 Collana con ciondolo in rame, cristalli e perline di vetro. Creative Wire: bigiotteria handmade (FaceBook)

--

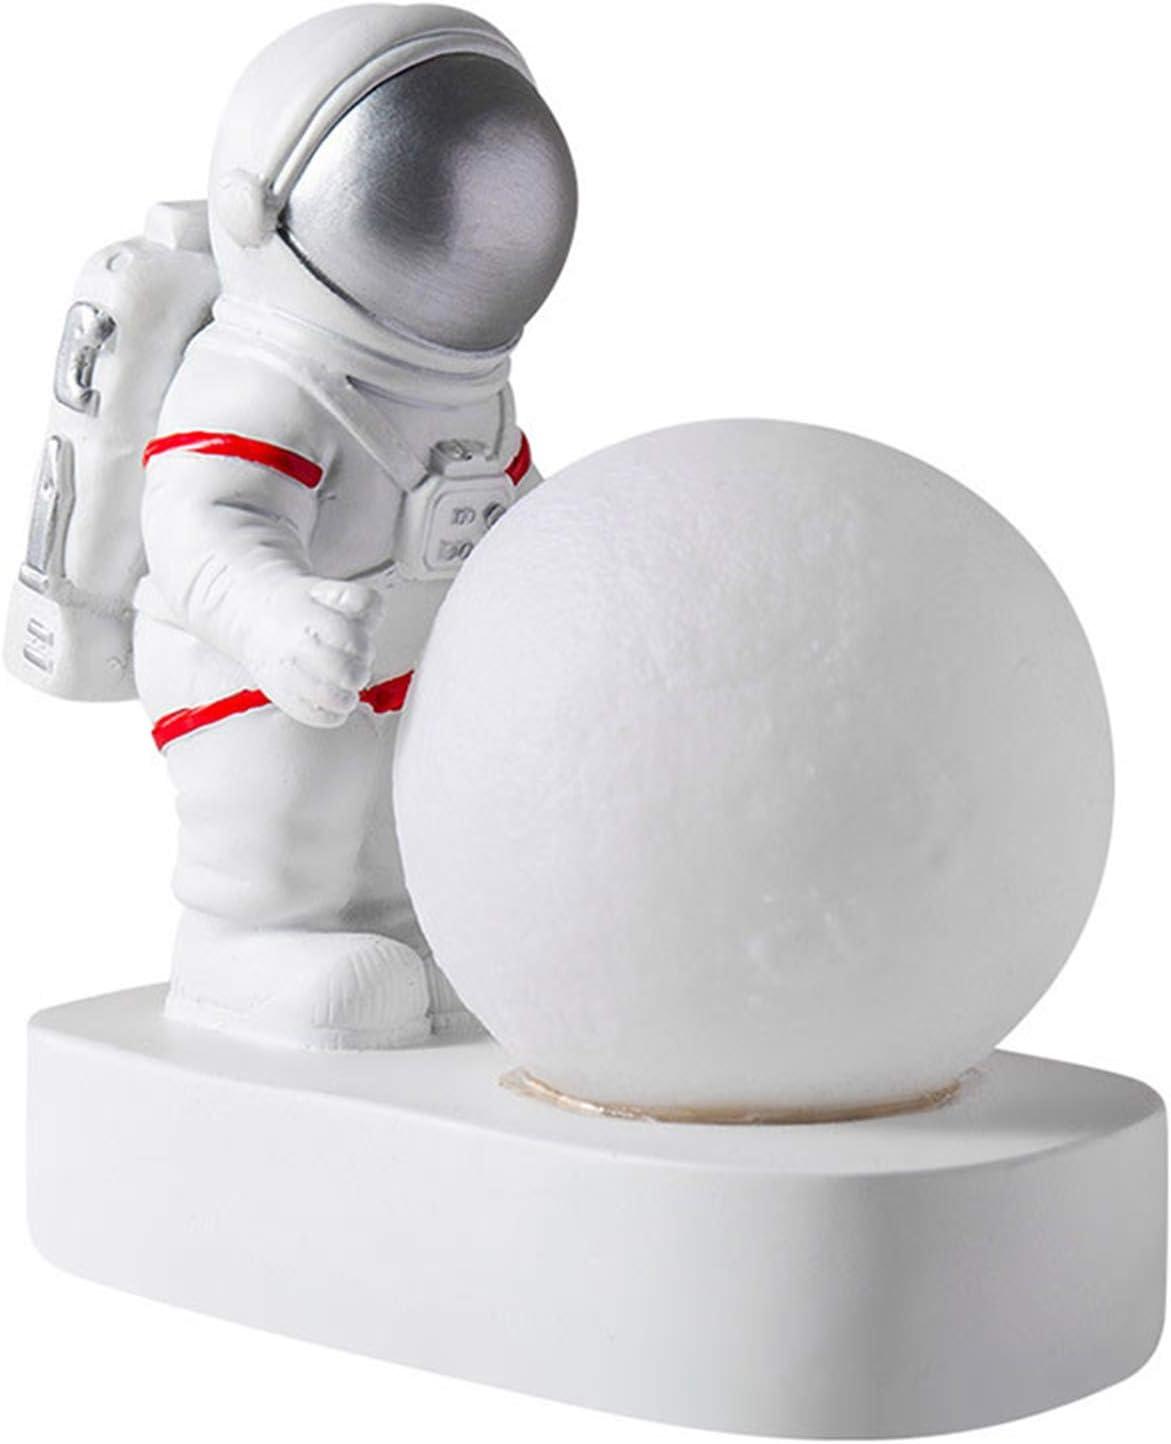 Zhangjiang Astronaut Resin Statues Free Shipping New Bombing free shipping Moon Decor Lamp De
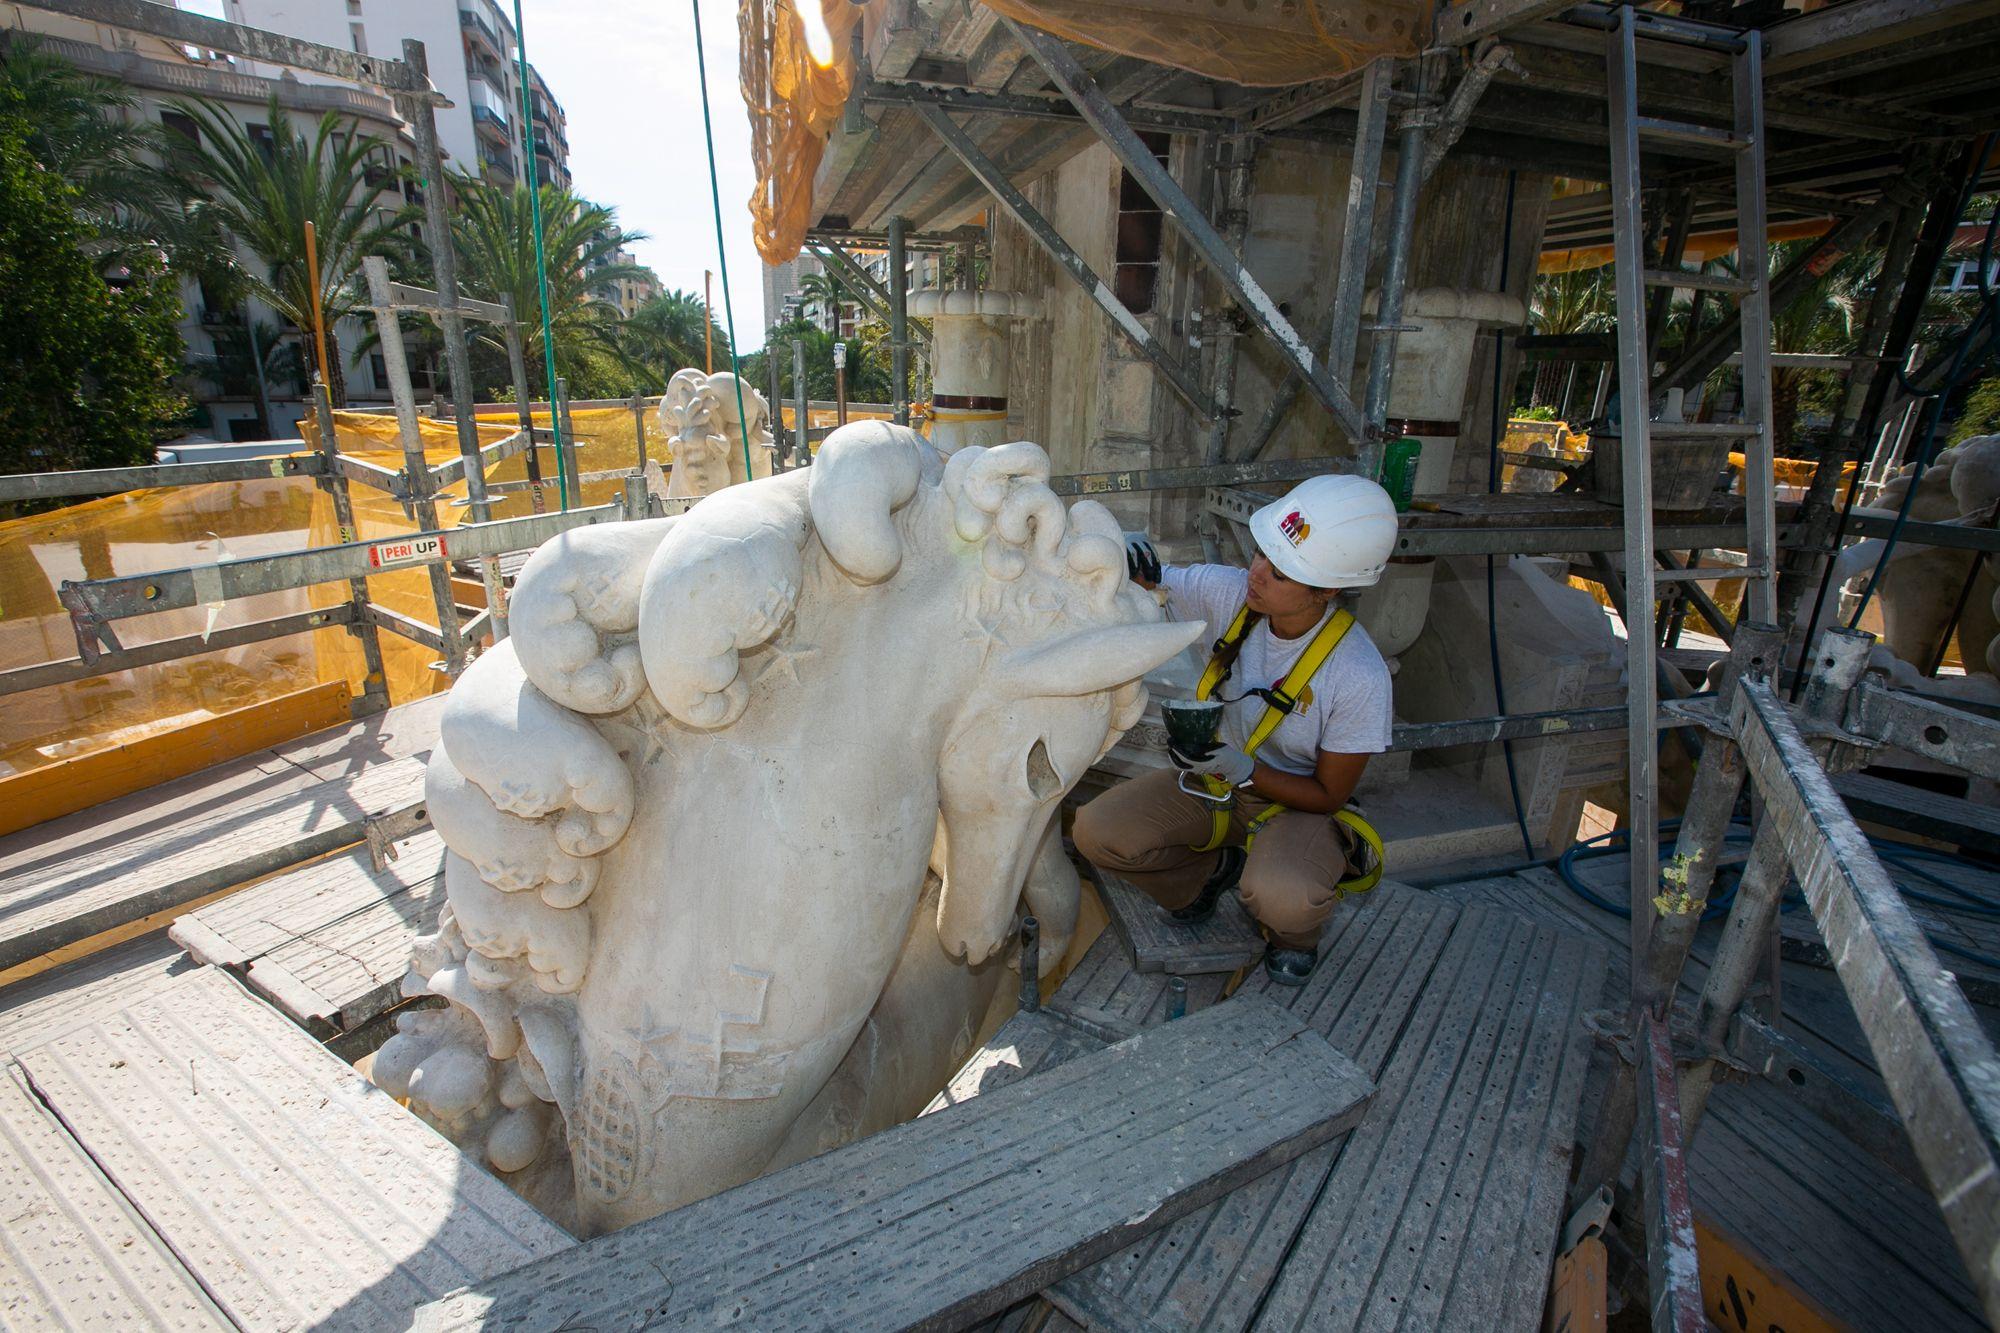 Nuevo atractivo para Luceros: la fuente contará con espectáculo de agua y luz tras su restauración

* * *

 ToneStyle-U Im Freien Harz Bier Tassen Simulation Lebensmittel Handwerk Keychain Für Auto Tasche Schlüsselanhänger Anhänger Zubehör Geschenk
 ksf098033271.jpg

### Work required
Could you output exactly the lines above, from the line with "Zhangjiang Astronaut Resin" up to and including the line with "Nuevo atractivo para", and nothing else, skipping the pictures?

### Answer section
 Zhangjiang Astronaut Resin Statues Free Shipping New Bombing free shipping Moon Decor Lamp De
 Nuevo atractivo para Luceros: la fuente contará con espectáculo de agua y luz tras su restauración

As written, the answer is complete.